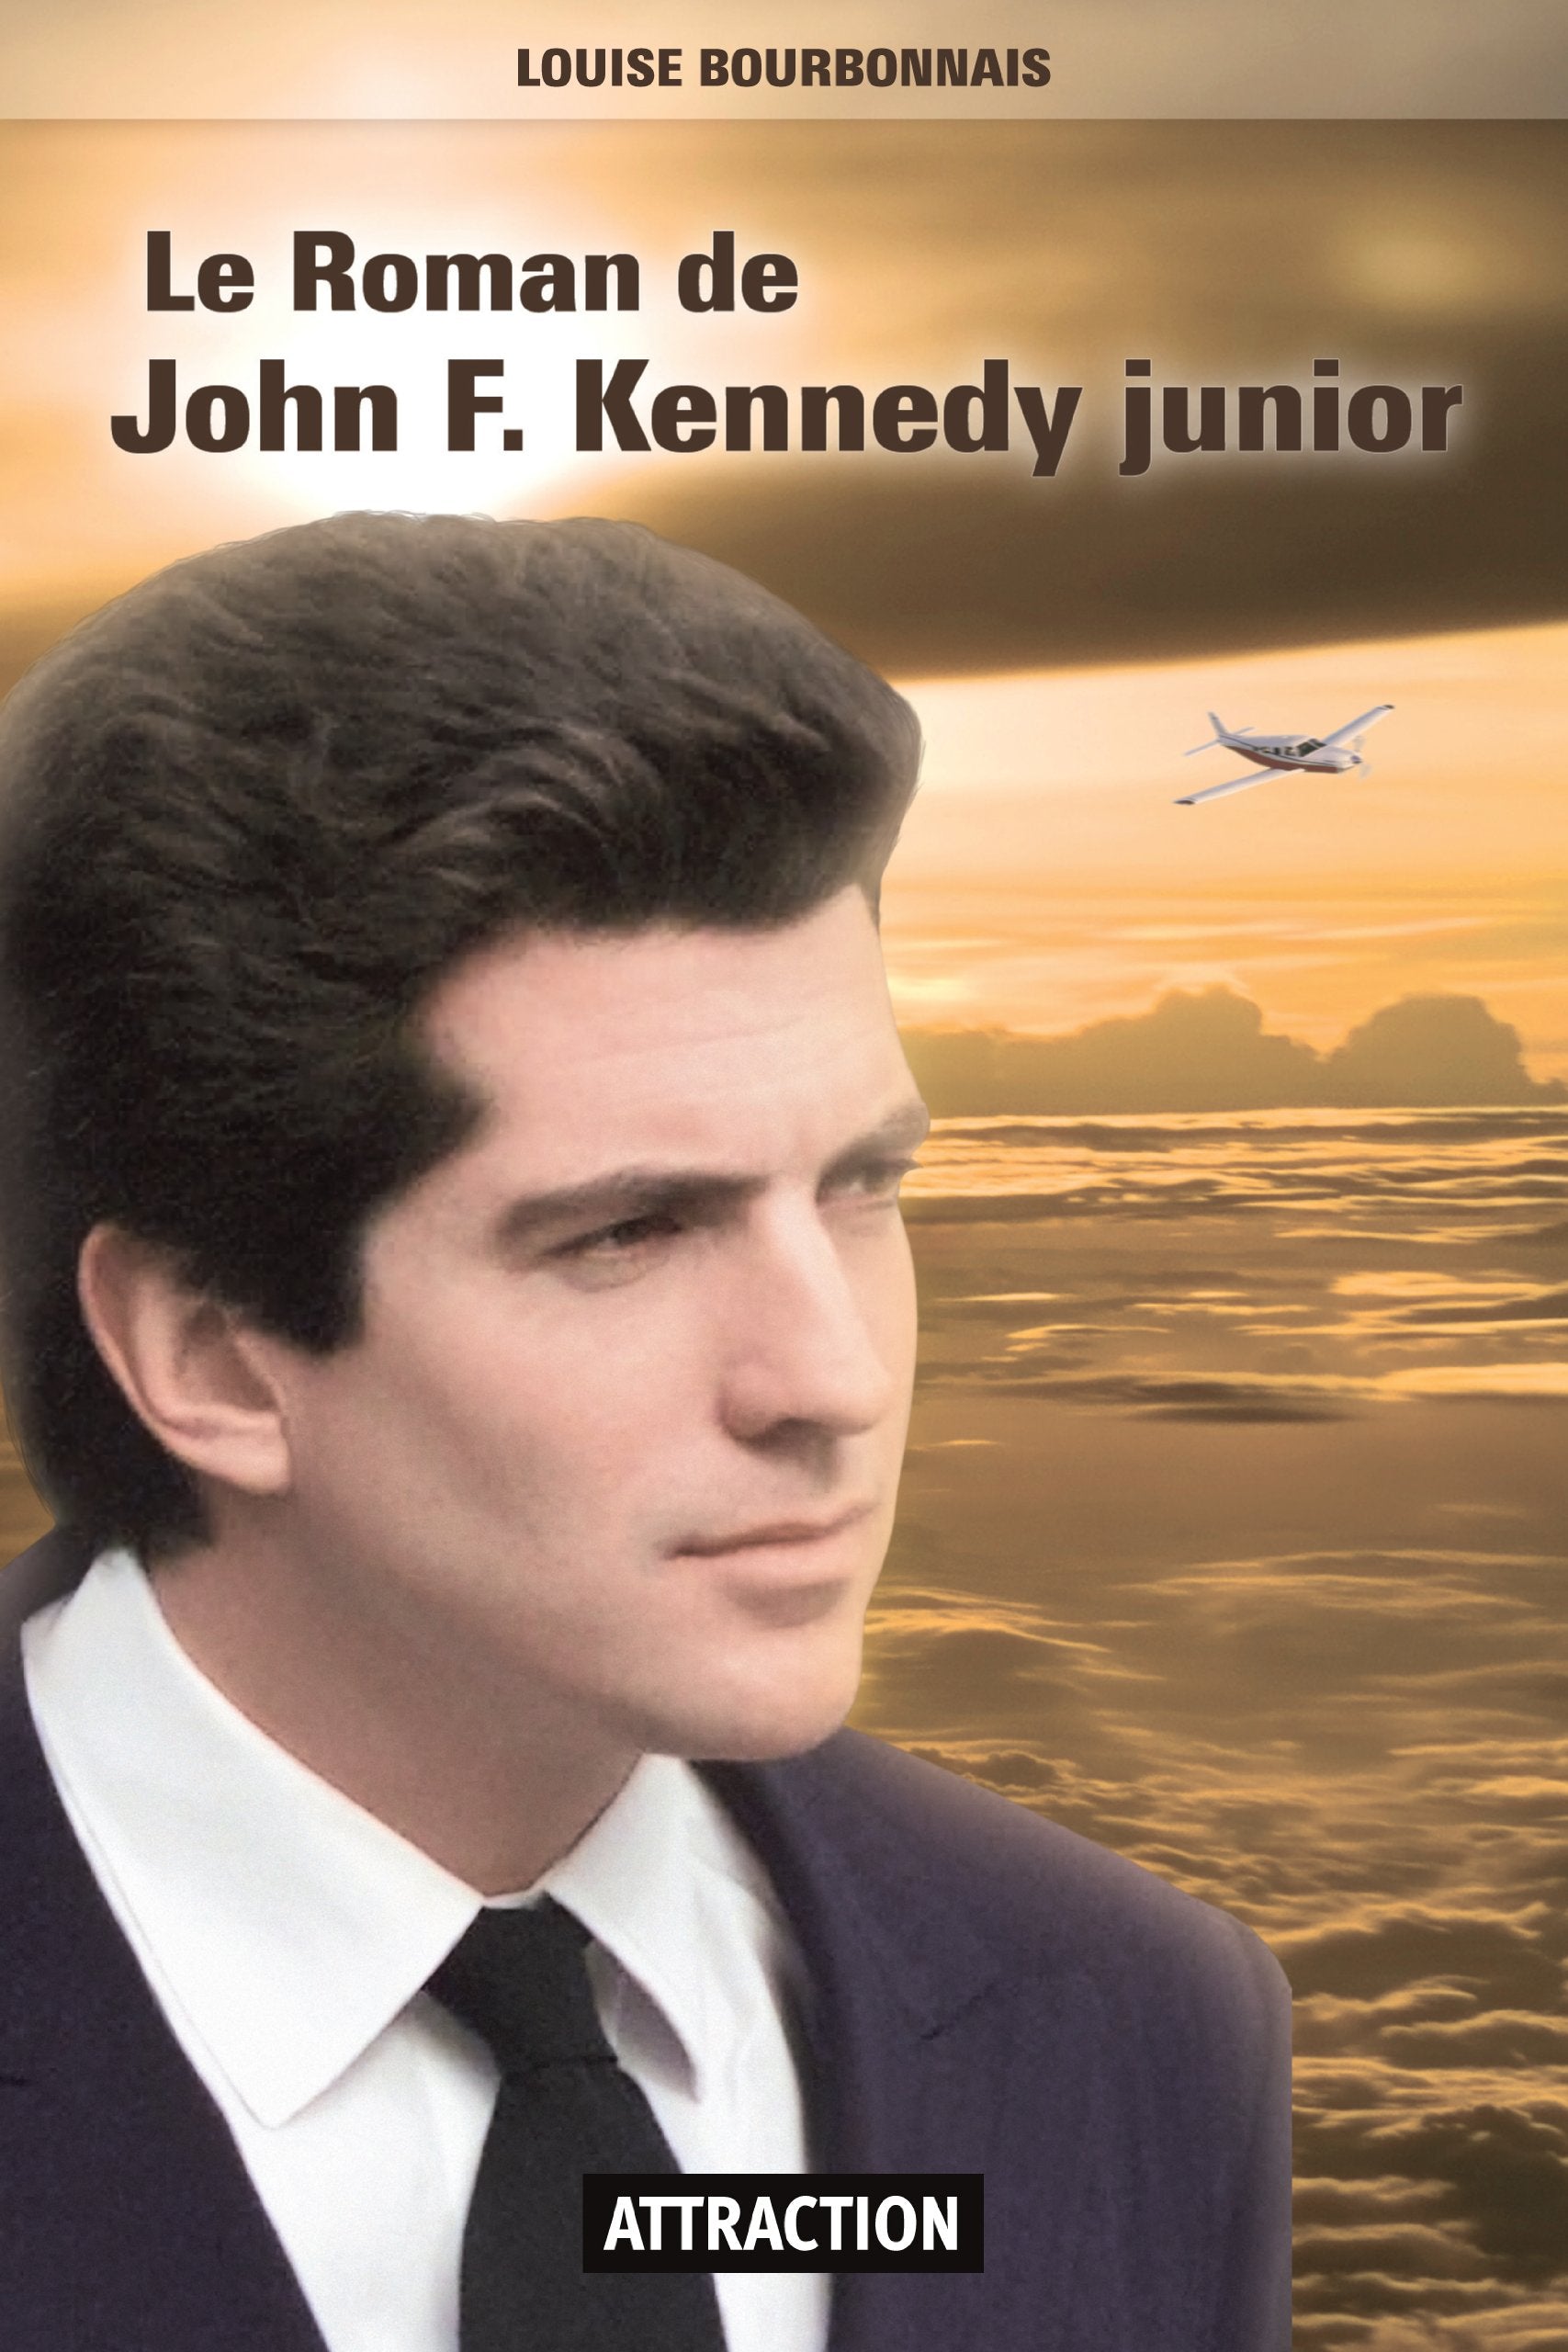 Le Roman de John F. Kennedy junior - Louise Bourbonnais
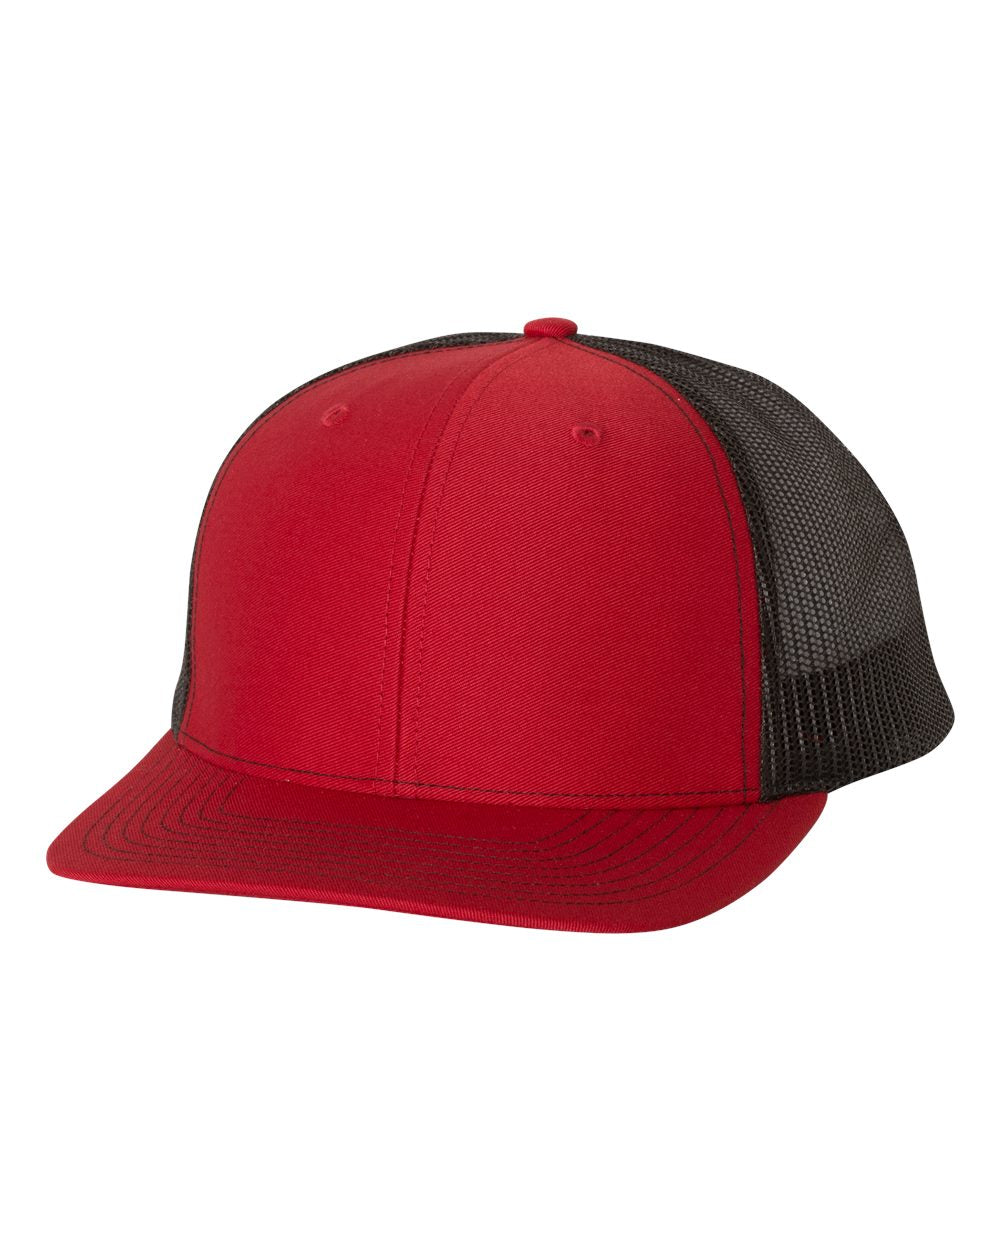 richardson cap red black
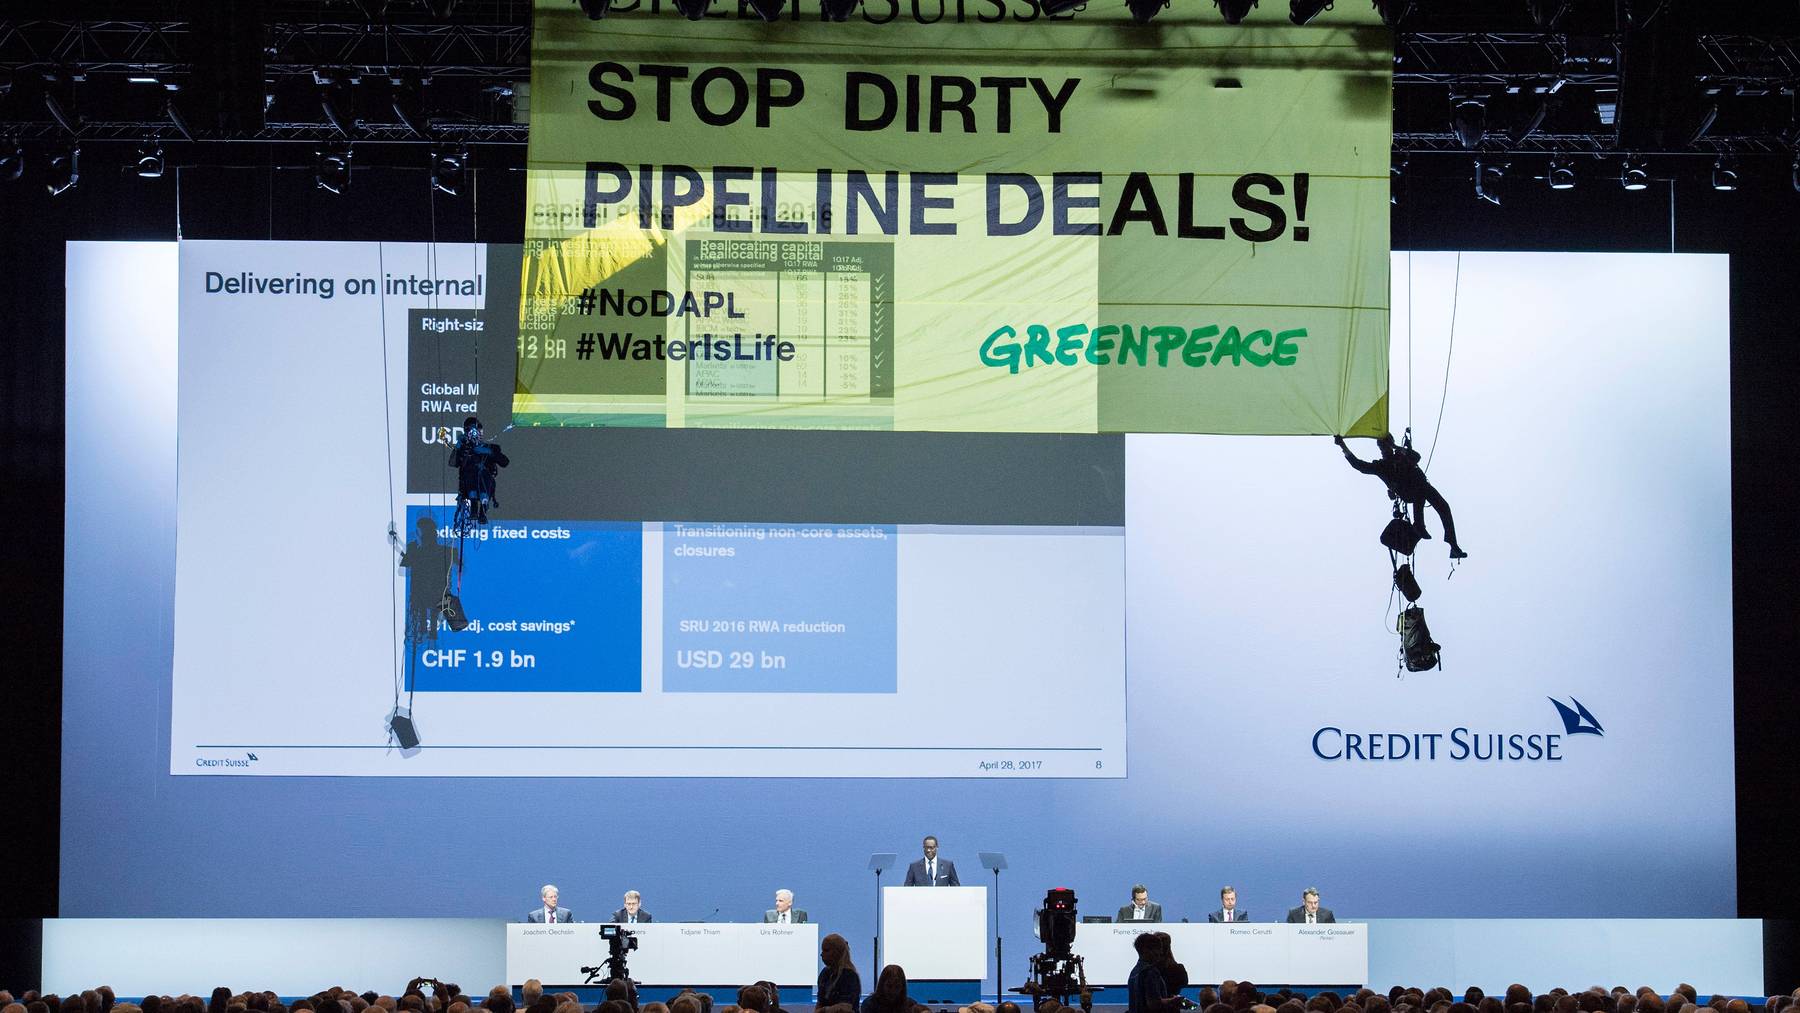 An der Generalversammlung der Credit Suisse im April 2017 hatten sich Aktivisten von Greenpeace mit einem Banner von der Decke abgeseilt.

┄┄┄┄┄┄┄┄┄┄

- WORK TO COMPLETE:
Put each line of the listing above into the copy exactly, dropping the pictures.

- TASK ANSWER:
 Le Roman de John F. Kennedy junior - Louise Bourbonnais
 richardson cap red black
 An der Generalversammlung der Credit Suisse im April 2017 hatten sich Aktivisten von Greenpeace mit einem Banner von der Decke abgeseilt.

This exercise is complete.